Contemporary cites are suffering from two different kinds of struggles: one is the struggle of life space with economic space, the other is struggle for the sense of belonging. Therefore, Sandercock suggests a new demographic reconstruction besides political economies. She calls on attention ‘to the emotional economies of the cities as it is to the political economies; to city senses (of sound, sight, touch, smell, taste) as to city censuses; to the soft-wired desires of citizens as it is to the hard-wired infrastructures.’
Content of Cosmopolis II
The book is divided into three parts: looking back (modernist planning and its discontents), looking forward (mongrel cities and the 21st-century multicultural project) and towards a new planning imagination.
The first part looks back to 20th century to discuss the existing planning system (modernist planning), planning history and epistemology of multiplicity.

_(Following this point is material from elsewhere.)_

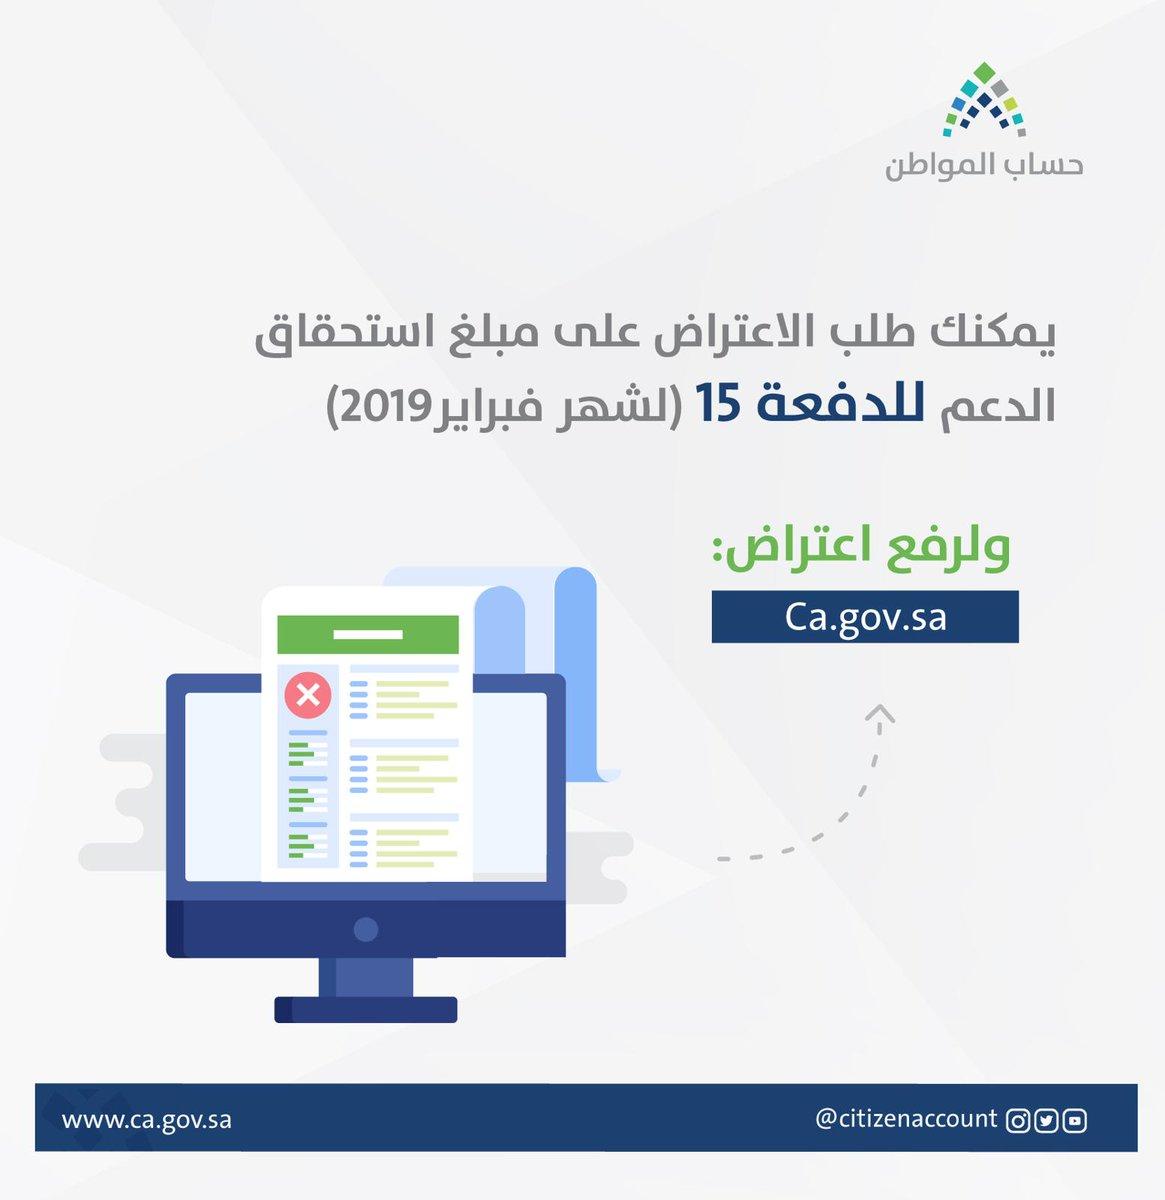 حساب المواطن ينوه ببدء استقبال طلبات الاعتراض على مبلغ استحقاق الدعم للدفعة 15
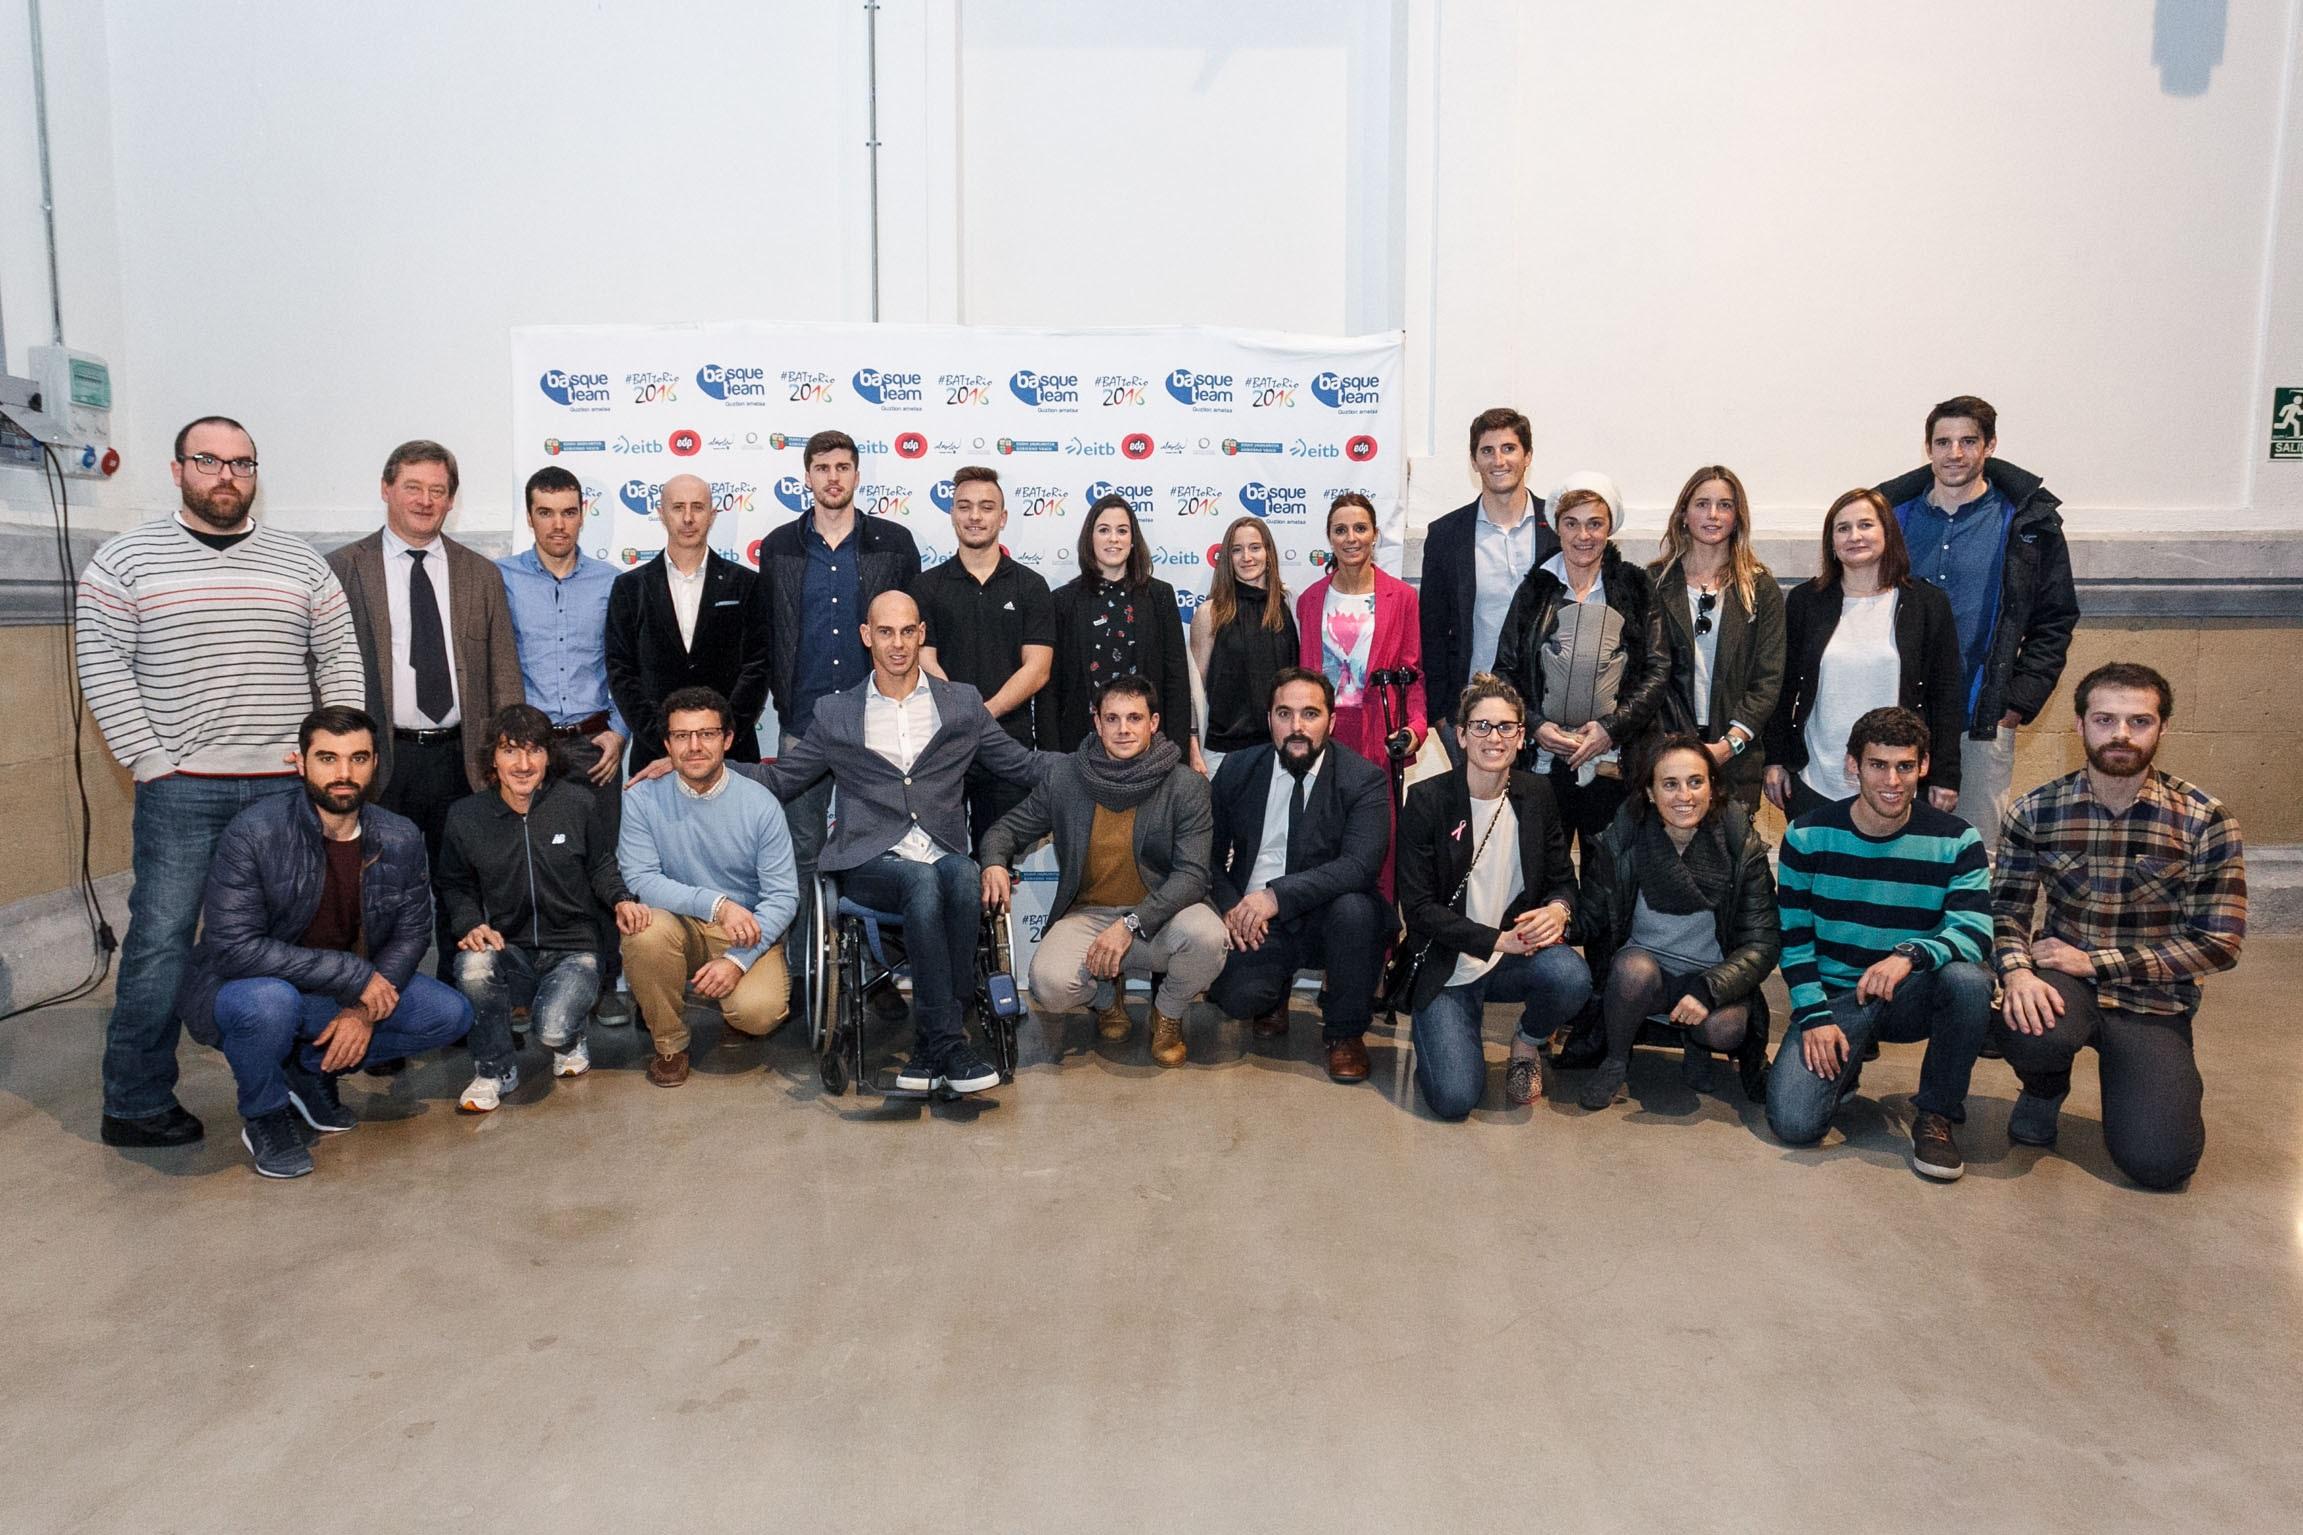 Basque_team_gala2.jpg

At the beginning, Sandercock reviews the history of Birmingham, a ‘city of everyone’ through the past half century. Confusion and problems are coming out in this postcolonial city because of the multicultural. The increasing immigrants start to challenge the existing planning system (state-designated). To response to the cities of difference, Sandercock provides six fragments of a radical postmodern planning practice resulting from hybridity, mongrelization and cross-breeding. Then, Sandercock sets out to revise the planning history. The official history is always described as no fatal flows and working as solution-driven.It seems that the noir (insurgent planning history) is not existing. However, planning in the mongrel cities in 21st century, we need a new approach rather than modernist paradigm to bring a different future imagine. The insurgent planning history built and kept by invisible minorities(female, lesbian, gay, immigrants and so on) is very significant to re-present a whole planning history. This leads to the following arguments about ‘who knows’. Thanks to the Enlightenment, modernist planning privileges this epistemology of the Enlightenment as the only way without recognizing other ways of seeing/knowing. And only rational, technical and scientific methods are considered as right and good to modernist planning. The author, as a feminist (minority) is more sensitive to discover the flaws of this epistemology and suggests that an epistemology of multiplicity should be built and more ways of knowledge (based on practices of talking, listening,sharing,seeing) gained are encouraged from other participants in other fields except profession field of planning.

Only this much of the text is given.